It was a busy week of key UK data releases with the main headline being that the UK economy has slipped into recession. GDP fell by 0.3% Q/Q at the end of last year after a small contraction in the previous quarter. A negative figure was no surprise given weakness in the monthly output data, but this was a sharper contraction than we had anticipated.
By expenditure component, the main drag was from net trade (-0.63pp). There was also a drag from household consumption (-0.08pp), although this was significantly smaller than in Q3 (-0.52pp) which could be an early sign of easing pressures on real household incomes. There was a small drag from government consumption too. Gross fixed capital formation contributed positively (+0.27).
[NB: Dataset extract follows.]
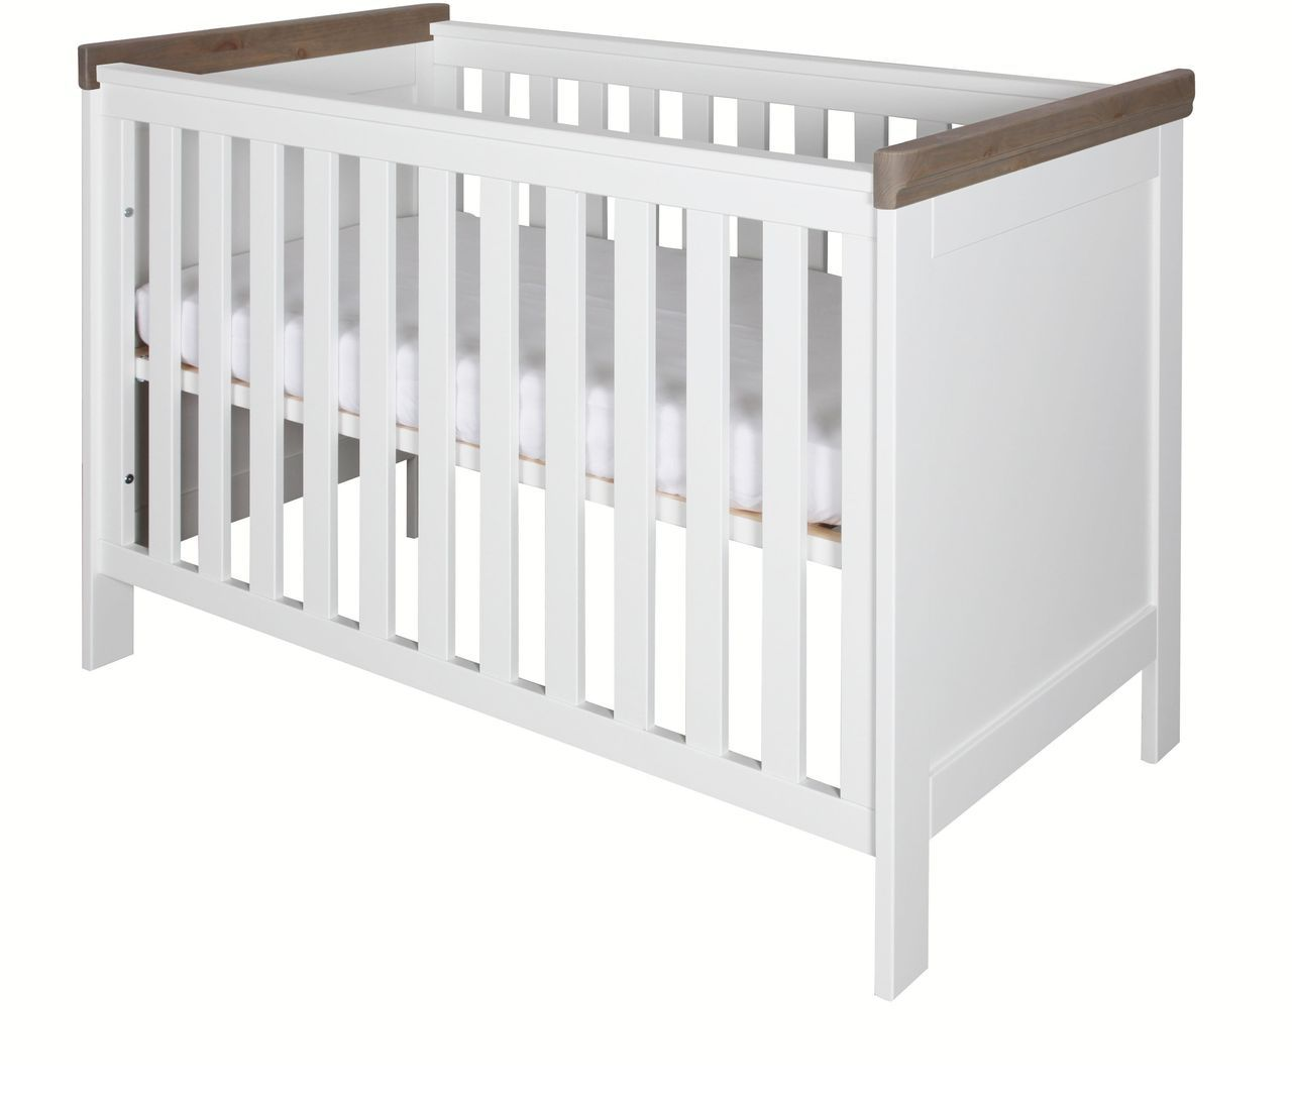 kidsmill babybett savona ohne kreuz 60x120 cm wei grau babybetten kinderzimmerm bel. Black Bedroom Furniture Sets. Home Design Ideas

The broader picture remains one of a stagnant UK economy, with the monthly GDP estimate for December 2023 at exactly the same level as it was 12 months previously. The economy has essentially drifted sideways as monetary policy tightening and squeezed household finances have weighed on activity. It's also worth highlighting that high immigration in recent years has boosted headline GDP growth rates (more people, more economic activity). GDP per capita contracted by 0.7% – with a decline every quarter since the start of 2022 amid anaemic productivity growth since the pandemic.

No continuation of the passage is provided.